If you’re like us, you’ve been watching the stories about those who are not staying home because they’re taking care of all of us. They’re providing access to healthcare, food, transportation, public programs and other essential services. What can we do to help them? We can stay home except when we need to access essential services. We can follow health guidelines to wash our hands, cover our coughs and sneezes, and stay 6 feet away from others. We can stay physically apart from each other to help keep our communities healthy. Thanks to all of you who is serving others. We appreciate you!
What you need to know if your employment has been impacted by COVID-19
Efforts to slow the spread of COVID-19 have had many impacts on people’s lives, including their livelihoods. Many of our family, friends, and neighbors are experiencing these impacts in a much greater and more immediate way than other Oregonians.
Whether your workplace is temporarily closed, you’re experiencing a layoff, or you’ve been impacted in some other way by COVID-19, the Oregon Employment Department is continually working to answer your Frequently Asked Questions. They also have an Unemployment Insurance 101 fact sheet. These resources can help you understand what benefits may be available to you during this time.
Keeping active with kids while staying at home
With schools closed, recess and gym classes are also not in session.
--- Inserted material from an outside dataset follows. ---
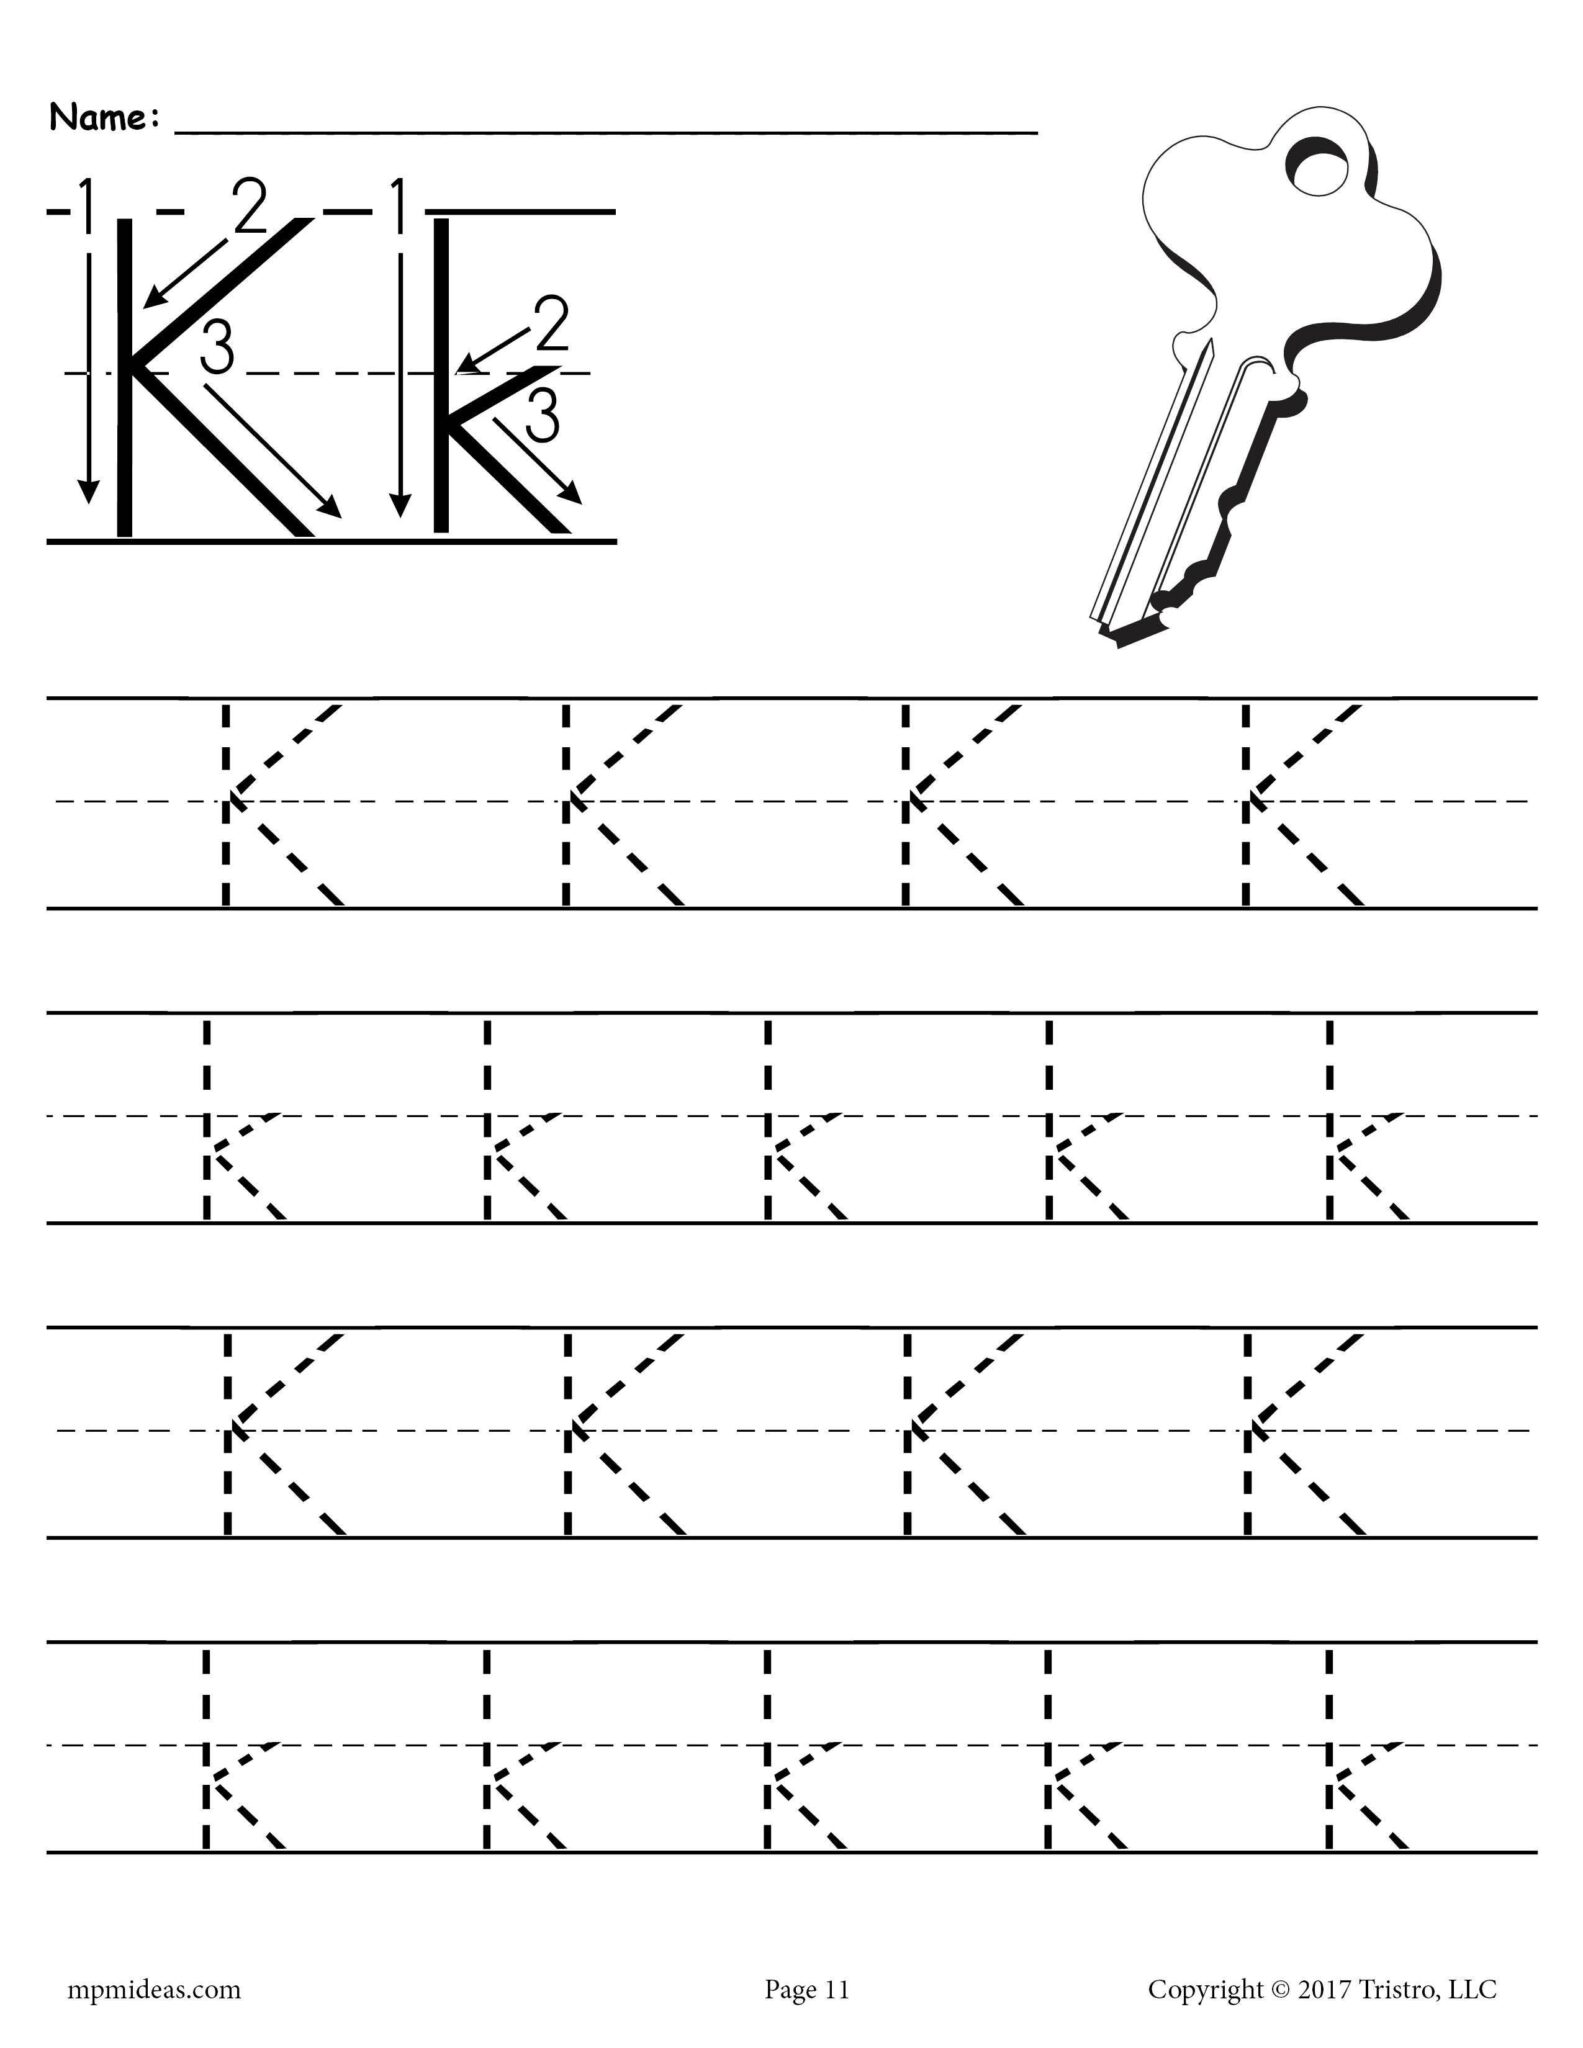 printable-letter-k-tracing-worksheet-letter-worksheets-for-preschool

Oregon’s unpredictable weather can make it tough for kids to play outside. The American Heart Association has some suggestions for keeping active at home. Here’s a sampling:
Practice math problems and do a jumping jack every time the answer is an even number.
Ball-toss spelling practice: Toss the ball and say a letter then toss the ball to someone else to say the next letter.
Have a dance party for one minute.
Practice spelling and do a squat for every vowel.
Find these suggestions and 20 more on a printable poster.
Oregon reports 2 new COVID-19 deaths, 90 new COVID-19 cases
COVID-19 has claimed 2 more lives in Oregon, raising the state’s death toll from 19 to 21, the Oregon Health Authority reported April 2nd.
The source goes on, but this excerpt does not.